Rajeev
Rajeev

Reputation: 1061

AWS lambda Python-Split files into smaller files runs in indefinite loop

I am trying to split a file into multiple smaller files and the logic works fine for single file without lamdba but once i add the code to trigger from lambda the script runs in loop without getting completed and writes the file incorrectly.

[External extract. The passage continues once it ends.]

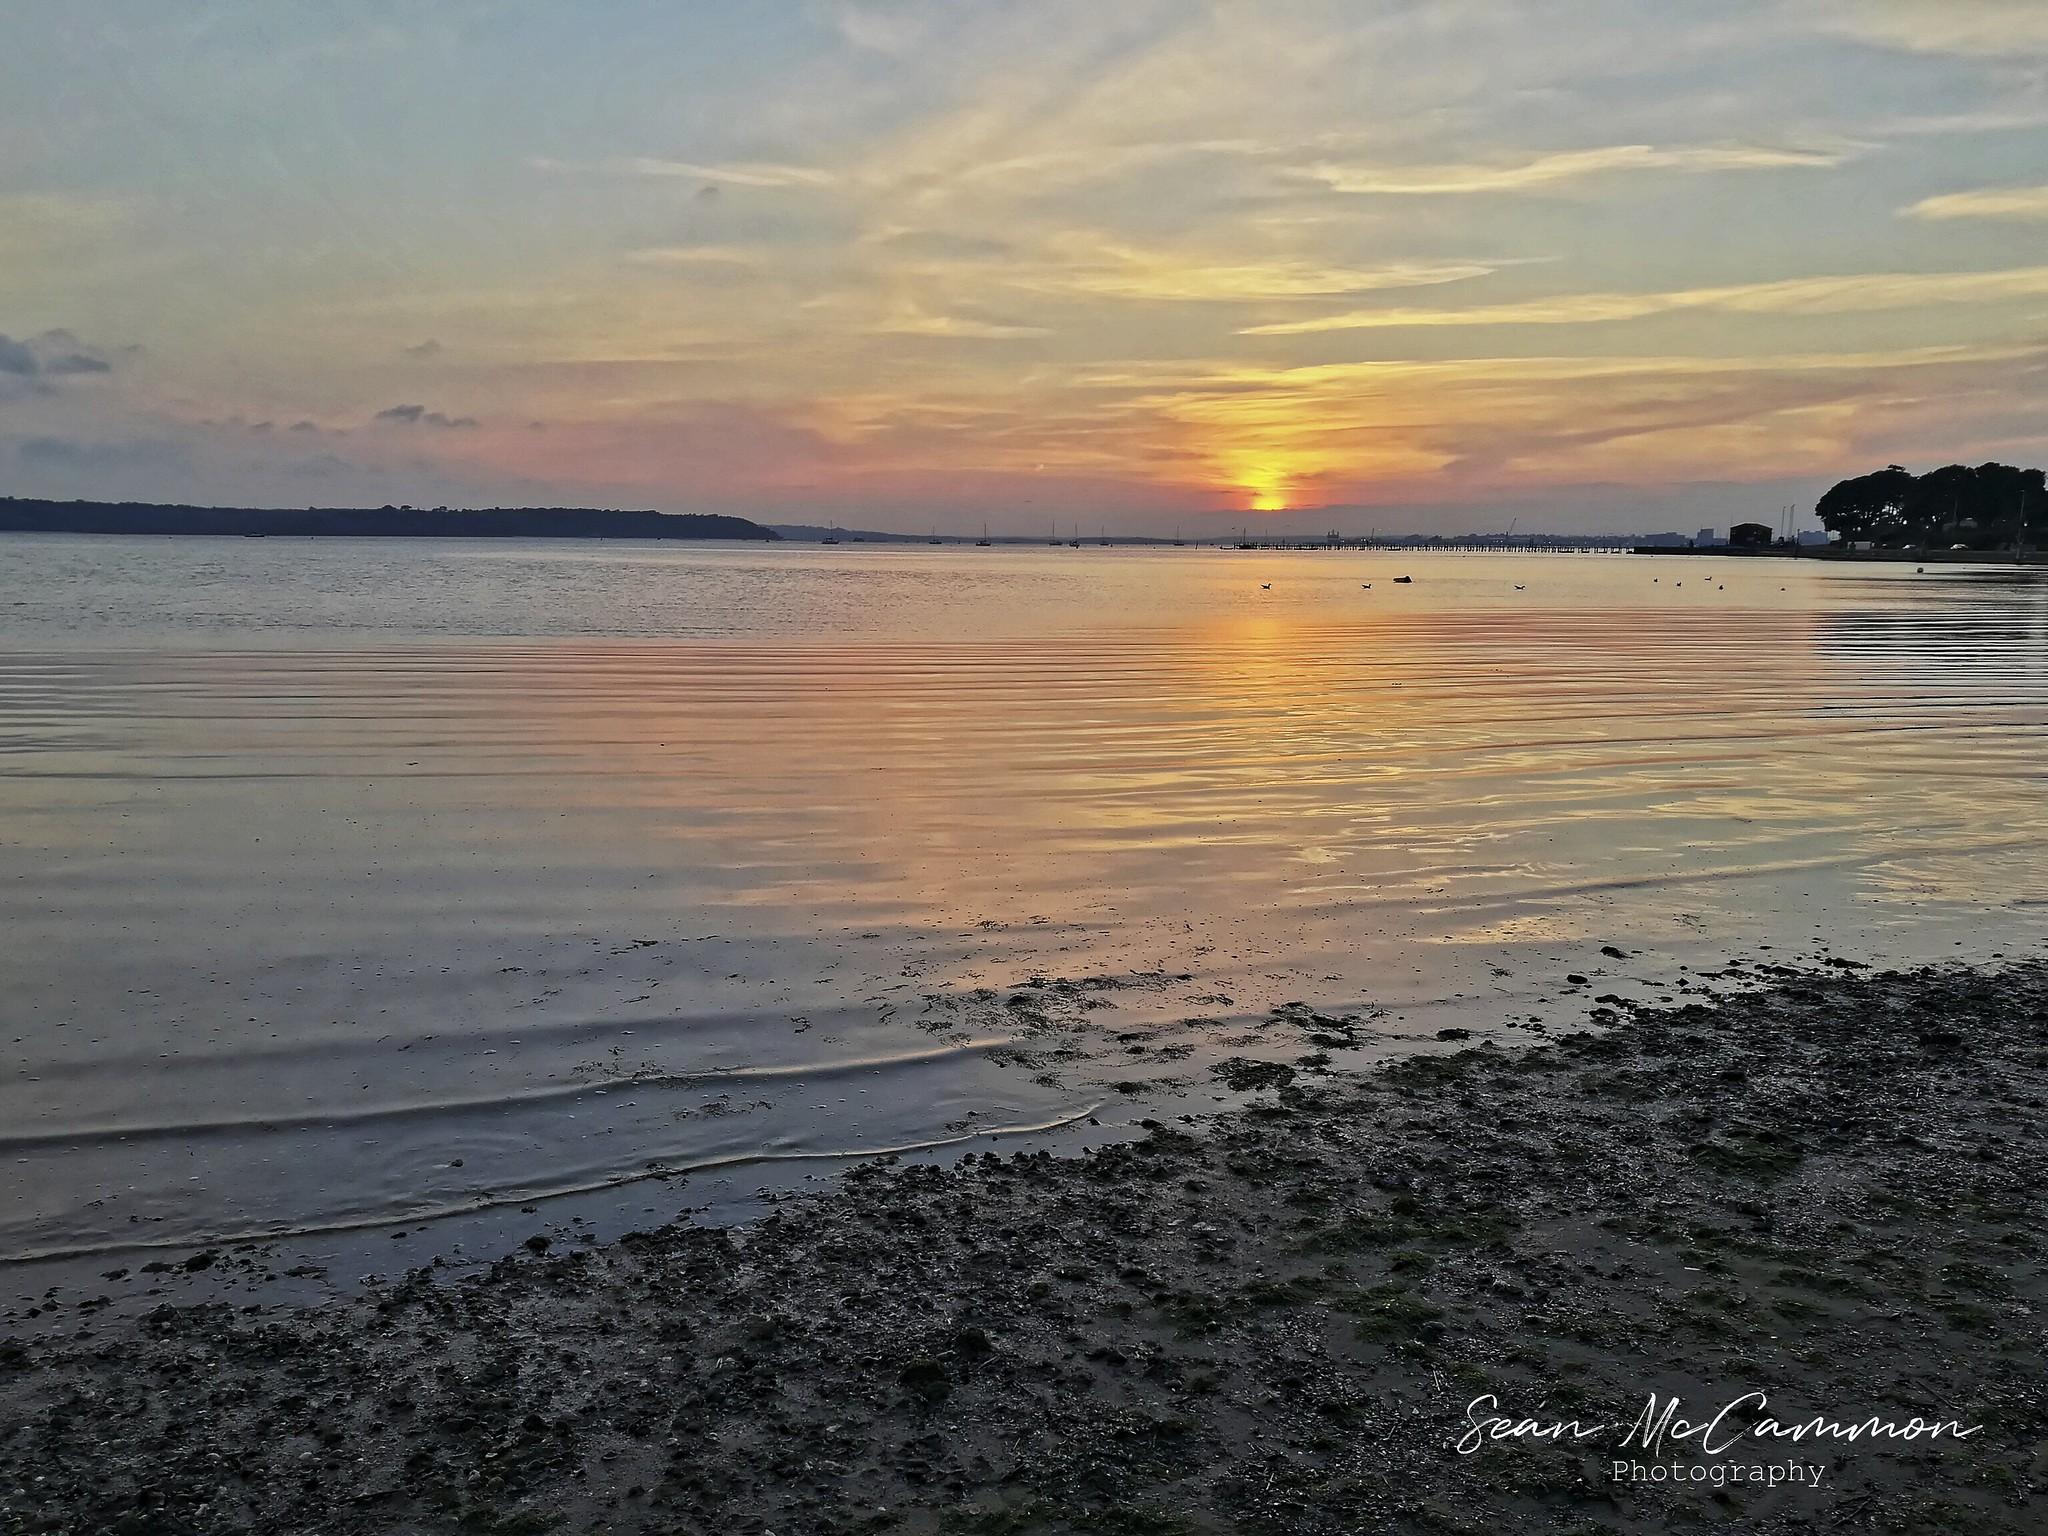 Sandbanks Sunset By Phone

Based on my debugging so far the outer for loop tries to execute several times even though there is only one file that initiated the trigger

Logic Flow:

File lands in /bigfile/ and the lamdba triggers and tries to split the file based on the logic and places the small file in /splitfiles/

File Content:

ABC|filename1.DAT|123

CDE|filename2.DAT|8910

XYZ|filename3.DAT|456

FGH|filename4.DAT|4545

O/p

File1:

ABC|filename1.DAT|123

CDE|filename2.DAT|8910

File2:

XYZ|filename3.DAT|456

FGH|filename4.DAT|4545

Code:

import boto3
import os
s3client = boto3.client('s3')
s3 = boto3.resource('s3')
def lambda_handler(event, context):
    try:
        for record in event['Records']:
            bucket = record['s3']['bucket']['name']
            key = record['s3']['object']['key']
            print(key)
            obj = s3.Object(bucket, key)
            linesplit = obj.get()['Body'].read().split('\n')
            lines_per_file=2  #number of lines per file 
            created_files = 0 
            sfilelines=''
            for rownum,line in enumerate(linesplit,start=1):
                sfilelines = sfilelines + '\n' + line
                if rownum%lines_per_file == 0:
                 cnt = lines_per_file * (created_files + 1)
                 body_contents = str(sfilelines)
                 file_name = "%s_%s.DAT" % ('Testfile', cnt)
                 target_file = "splitfiles/" + file_name
                 print(target_file)
                 s3client.put_object(ACL='public-read', ServerSideEncryption='AES256', Bucket=bucket, Key=target_file,
                            Body=body_contents)
                 sfilelines = ''  # Reset variables
                 created_files += 1  # One more small file has been created
            if rownum:  # to get the pending lines that is not written
               cnt = lines_per_file * (created_files + 1)
               body_contents = str(sfilelines)
               file_name = "%s_%s.DAT" % ('Testfile', cnt)
               target_file = "splitfiles/" + file_name
               print(target_file)
               s3client.put_object(ACL='public-read', ServerSideEncryption='AES256', Bucket=bucket, Key=target_file,
                            Body=body_contents)
               created_files += 1
        print ('%s split files (with <= %s lines each) were created.' % (created_files,lines_per_file))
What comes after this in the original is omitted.